Jean Price-Mars (15 October 1876 – 1 March 1969) was a Haitian medical doctor, teacher, politician, diplomat, writer, and ethnographer. Price-Mars served as secretary of the Haitian legation in Washington, D.C. (1909) and as chargé d'affaires in Paris (1915–1917), during the initial years of the United States occupation of Haiti.

In 1922, Price-Mars completed medical studies which he had given up for lack of a scholarship.

After withdrawing as a candidate for the presidency of Haiti in favor of Stenio Vincent in 1930, Price-Mars led Senate opposition to the new president; he was forced out of politics. In 1941, Price-Mars was again elected to the Senate. He was secretary of state for external relations in 1946 and, later, ambassador to the Dominican Republic. In his eighties, he continued service as Haitian ambassador at the United Nations and ambassador to France.

Négritude movement

Price-Mars championed Négritude in Haiti through his writing, which "discovered" and embraced the African roots of Haitian society. Price-Mars was the first prominent defender of vodou as a full religion complete with "deities, a priesthood, a theology, and morality." He argued against the prevailing prejudice and ideology which favored European cultures from the colonial period and rejected non-white, non-Western, elements of the cultures of the Americas.  His nationalism embraced a Haitian cultural identity as African through slavery.

Price-Mars' attitude was inspired by the active resistance by Haitian peasants to the 1915 through 1934 United States occupation. He deplored the elite's abandonment of the tradition that had emphasized the nation's achieving independence from French colonialism, but he took pride in the conduct of the poor. He attacked the elite for their "inability to promote the welfare of the Haitian masses."

Collective Bovarysme
He coined the term collective bovarysme to describe the elite as identifying with their partial European ancestry while denouncing ties to their African legacy (in Gustave Flaubert's novel Madame Bovary, Emma Bovary is anxious to escape from social conditions which define her, but which she deprecates). He noticed that the elite were composed almost exclusively of people of mixed ancestry, descended from former free persons of color, who embraced their "whiteness." Most Haitians were more exclusively African in descent. His disdain for the elites spread beyond their racial purity of "bovarysme".
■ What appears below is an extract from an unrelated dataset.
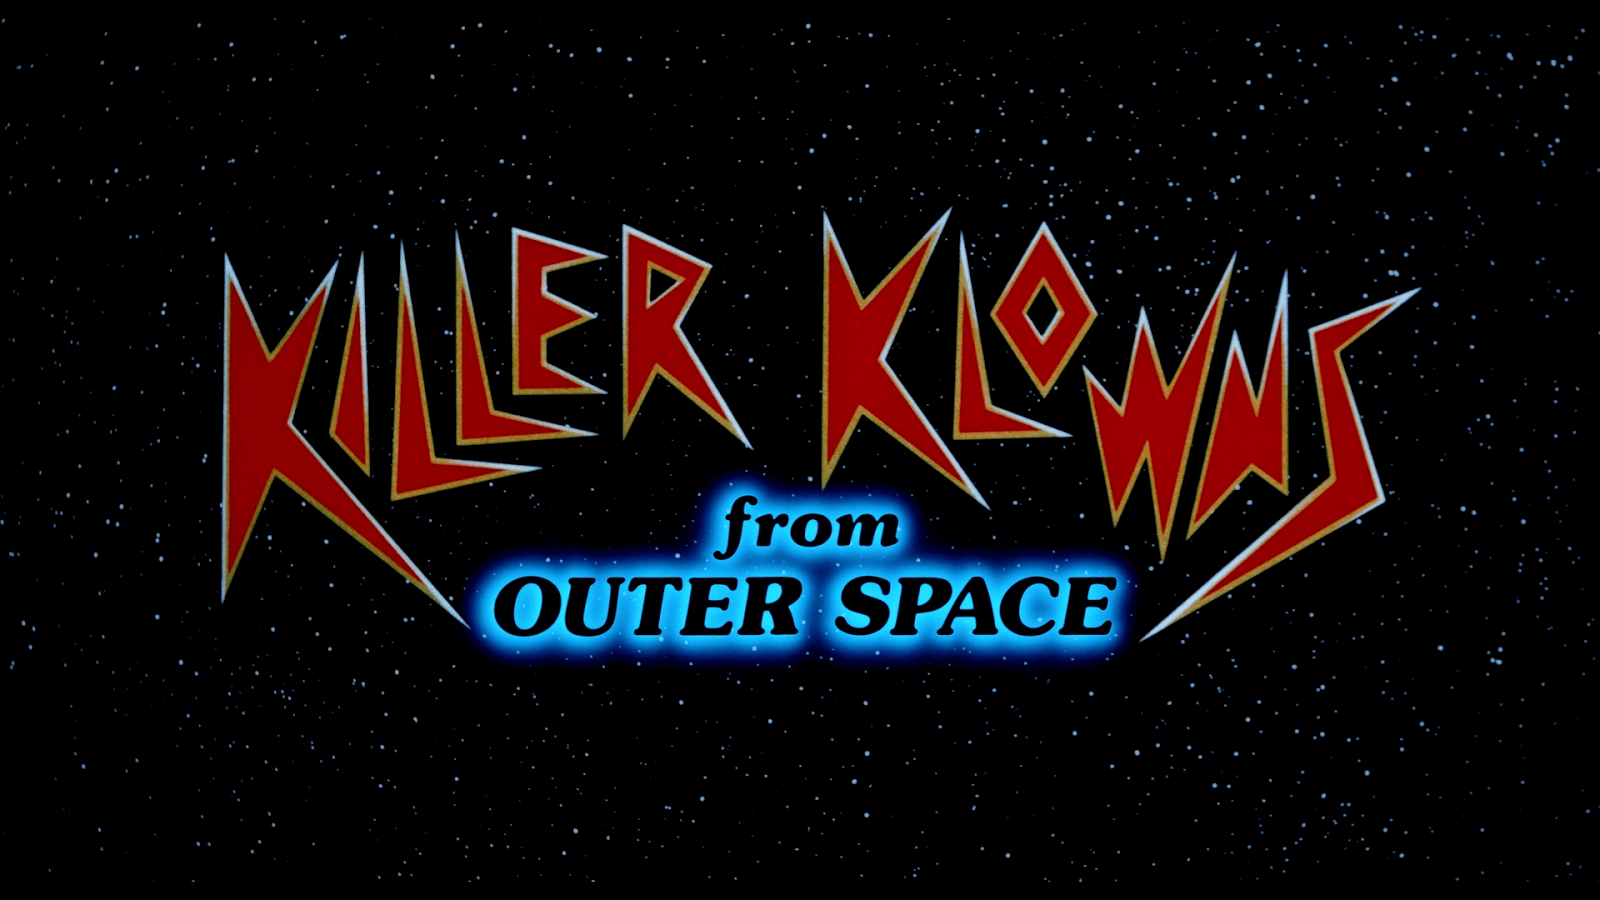 Killer from outer space. Killer Klowns from Outer Space 1988. Killer Klowns from Outer Space. Клоуны-убийцы из космоса. Killer Klowns from Outer Space poster.

He believed they had unfair economic and political influence. He understood that their power base in the state system relied heavily on the taxation of crops, especially of coffee, the chief export, grown by the peasants who had come to the country's defense when the elites had abandoned it to protect their own interests.

He also attacked the elites' role in Haitian education. The elite believed they needed to civilize the masses. Price-Mars wrote frequently about educational programs. He examined the "intellectual tools" available in Haiti and challenged the elite to promote progress among the masses because of their advantage of position.

He ultimately came to embrace Haiti's slavery history as the true source of the Haitian identity and culture. He admired the culture and religion developed among the slaves as their base for rebelling against the Europeans and building a Haitian nation.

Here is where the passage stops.